62

I'm retrieving a gzipped web page via curl, but when I output the retrieved content to the browser I just get the raw gzipped data. How can I decode the data in PHP?

One method I found was to write the content to a tmp file and then ...

$f = gzopen($filename,"r");
$content = gzread($filename,250000);
gzclose($f);

.... but man, there's got to be a better way.

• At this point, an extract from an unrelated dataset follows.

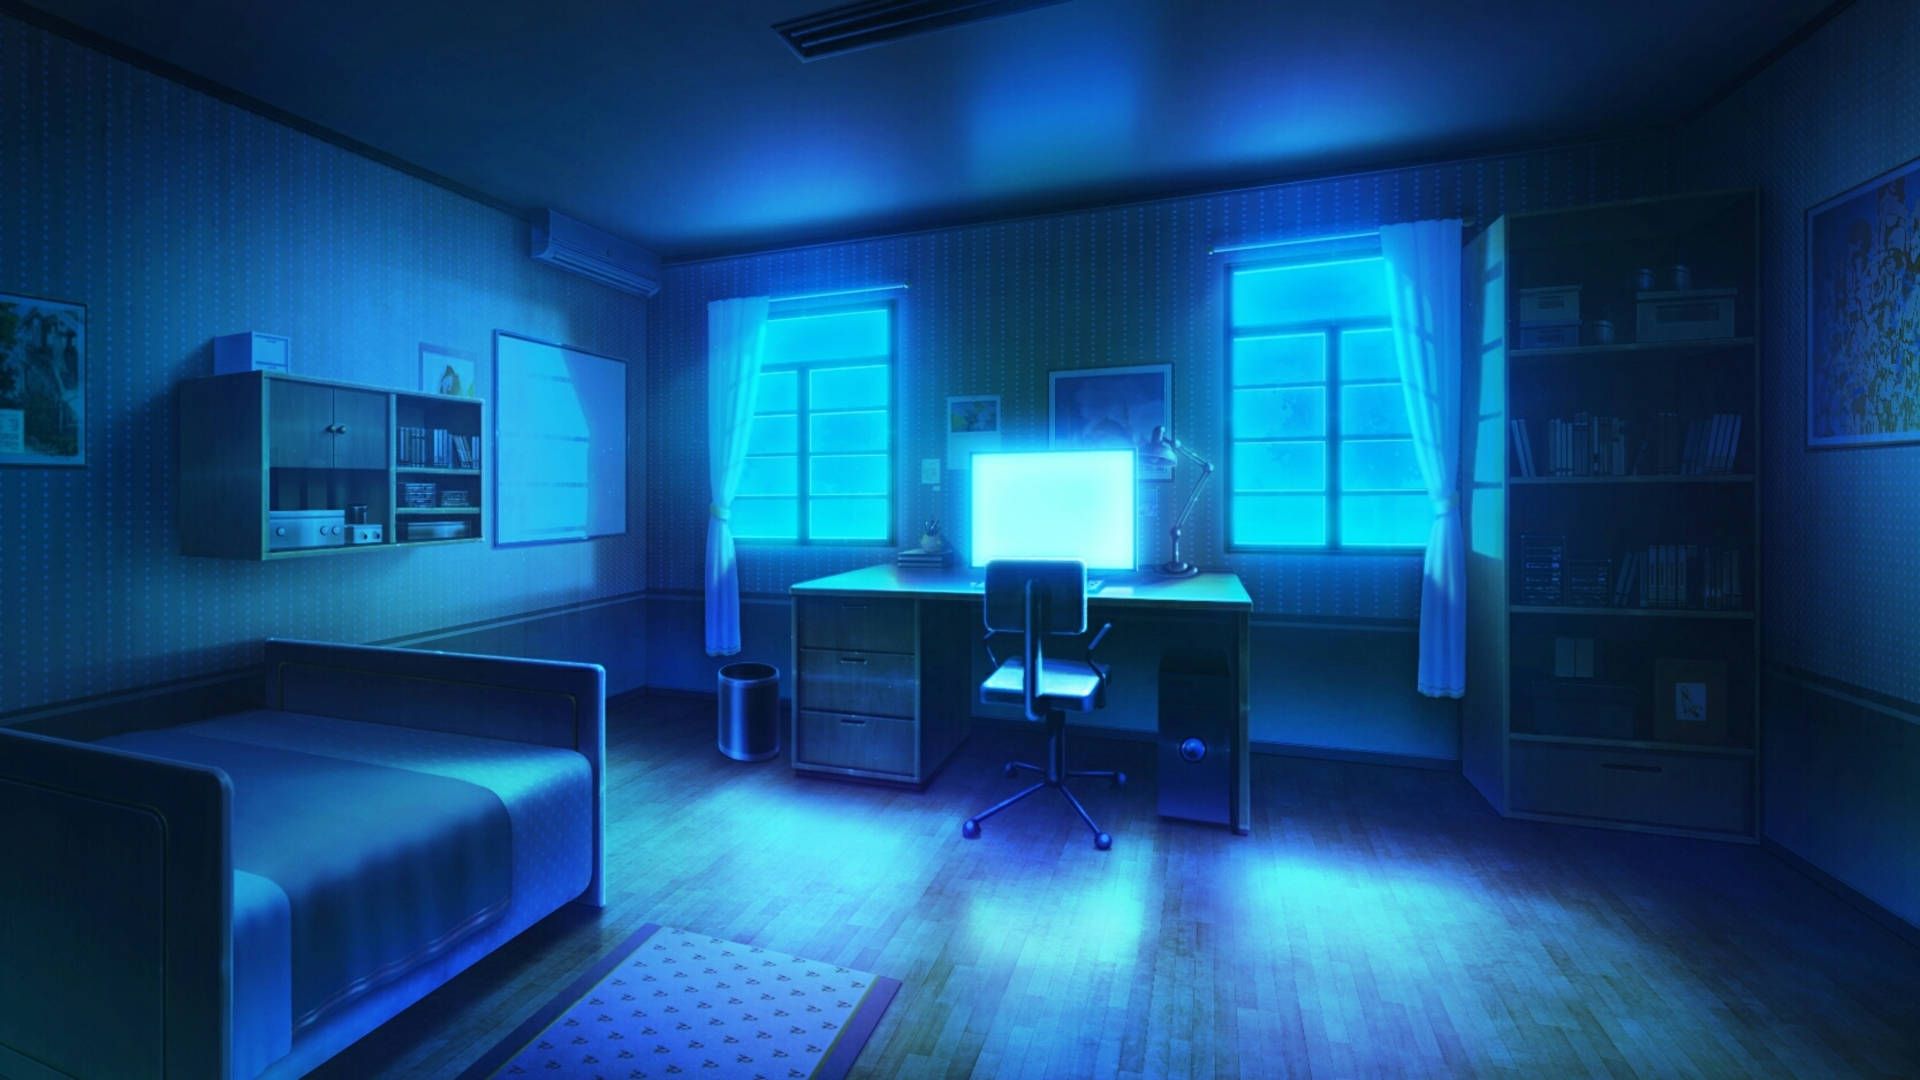 Hentai nền phòng ngủ anime màu xanh chính là sự lựa chọn hoàn hảo cho những ai yêu thích phong cách hoạt hình Nhật Bản. Gam màu xanh tươi trên nền ký hiệu anime sẽ mang đến một không gian sống đầy mơ mộng và chất lừ, giúp bạn thư giãn và tìm lại năng lượng sau một ngày làm việc vất vả.

Edit: This isn't a file, but a gzipped html page returned by a web server.

Ian
  • 11,920
  • 27
  • 61
  • 77
  • Is the file itself gzipped, or is the server gzipping it for transfer? – Artelius Nov 22 '08 at 01:05
  • 2
    Instead of decoding the gzip data, could you just send the correct headers so that the browser recognizes it properly? Or, if you don't want it gzipped in the first place, tell cURL not to ask for gzipped data by setting CURLOPT_ENCODING to "identity". – nobody Nov 22 '08 at 01:19
  • There is a PHP function called **gzdecode** that applies to strings, not files. – pgr Oct 21 '22 at 15:59

2 Answers2

154

The following command enables cURL's "auto encoding" mode, where it will announce to the server which encoding methods it supports (via the Accept-Encoding header), and then automatically decompress the response for you:

// Allow cURL to use gzip compression, or any other supported encoding
// A blank string activates 'auto' mode
curl_setopt($ch, CURLOPT_ENCODING , '');

If you specifically want to force the header to be Accept-Encoding: gzip you can use this command instead:

// Allow cURL to use gzip compression, or any other supported encoding
curl_setopt($ch, CURLOPT_ENCODING , 'gzip');

Read more in the PHP documentation: curl_setopt.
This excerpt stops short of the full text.